Electronic – Role of syscalls.c

armosstm32

What is the role of syscalls.c file in GNU ARM(STM32 for instance) based projects? I found 2 ways of successfully building the project

  1. Delete syscalls.c and include -specs=nosys.specs in the linker flags

  2. Simply include syscalls.c

What is the fundamental difference between these two methods? What is the importance of system calls in a non-os environment like microcontroller? If it is used for implementing system-level functions used by printf, scanf, etc. then who is calling these function(because I am not using any of these functions in my code)?

Edit:- As an experimental step, I deleted syscalls.c and added -specs=nosys.specs to make the linker happy then I wrote a simple malloc program to check whether it is working or not. To my surprise, it is giving the expected output. How did the malloc function work without the _sbrk definition in syscalls.c? I checked the startup file but it has only a few functions like copying data from flash to SRAM during startup, zeroing out .bss section, etc. Can I assume that it has to do something with C Runtime Library? If so where is it located?

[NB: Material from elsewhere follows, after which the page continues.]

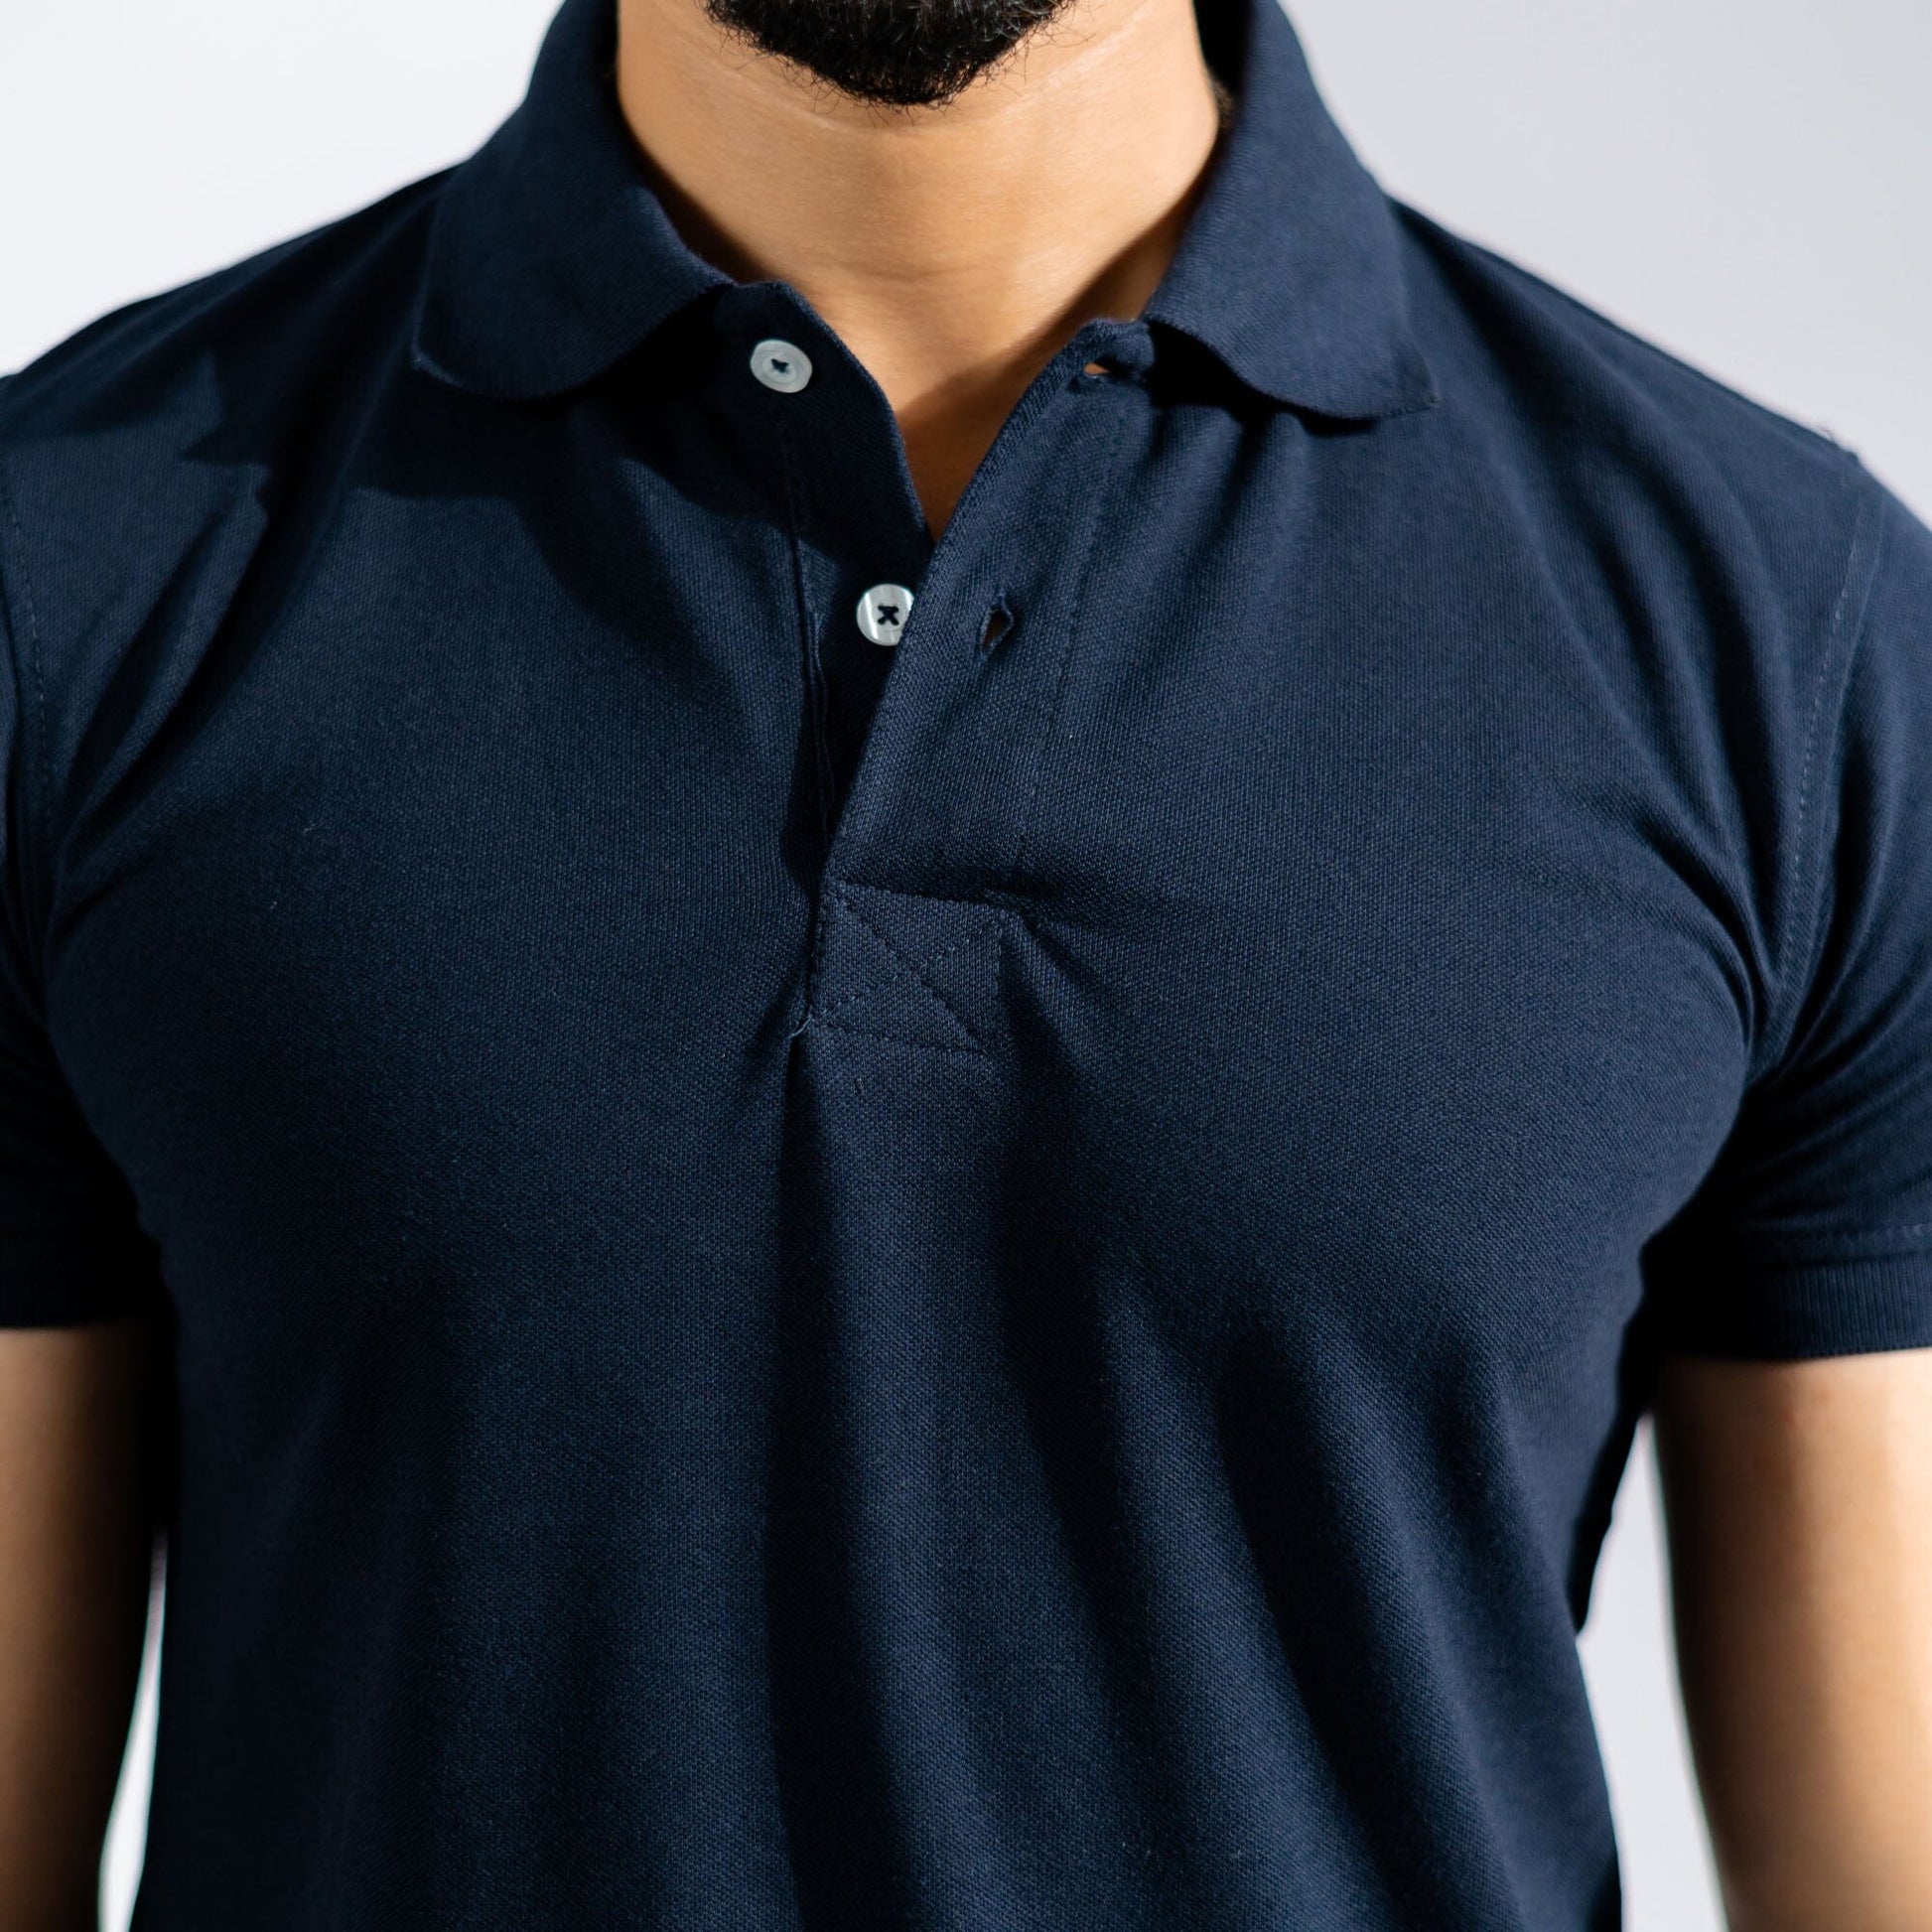 Polo Republica Men's Essentials Premium Short Sleeve Polo Shirt Men's Polo Shirt Polo Republica

P.S – I am using System Workbench for STM32 & STM32F4Nucleo board for this particular example

Best Answer

Some reasons:

  1. printf uses _write and _read. You can write your own ones for example if you want to redirect output to SWO
  2. malloc & friends use _sbrk. Bur I would rather avoid dynamic allocation in the limited resources implementations. This version of _sbrk is very poor (it assumes that the stack is at the largest addresses and heap is just before etc etc).
  3. The rest of the functions are stubs just to make the compiler C standard conformant. They do nothing.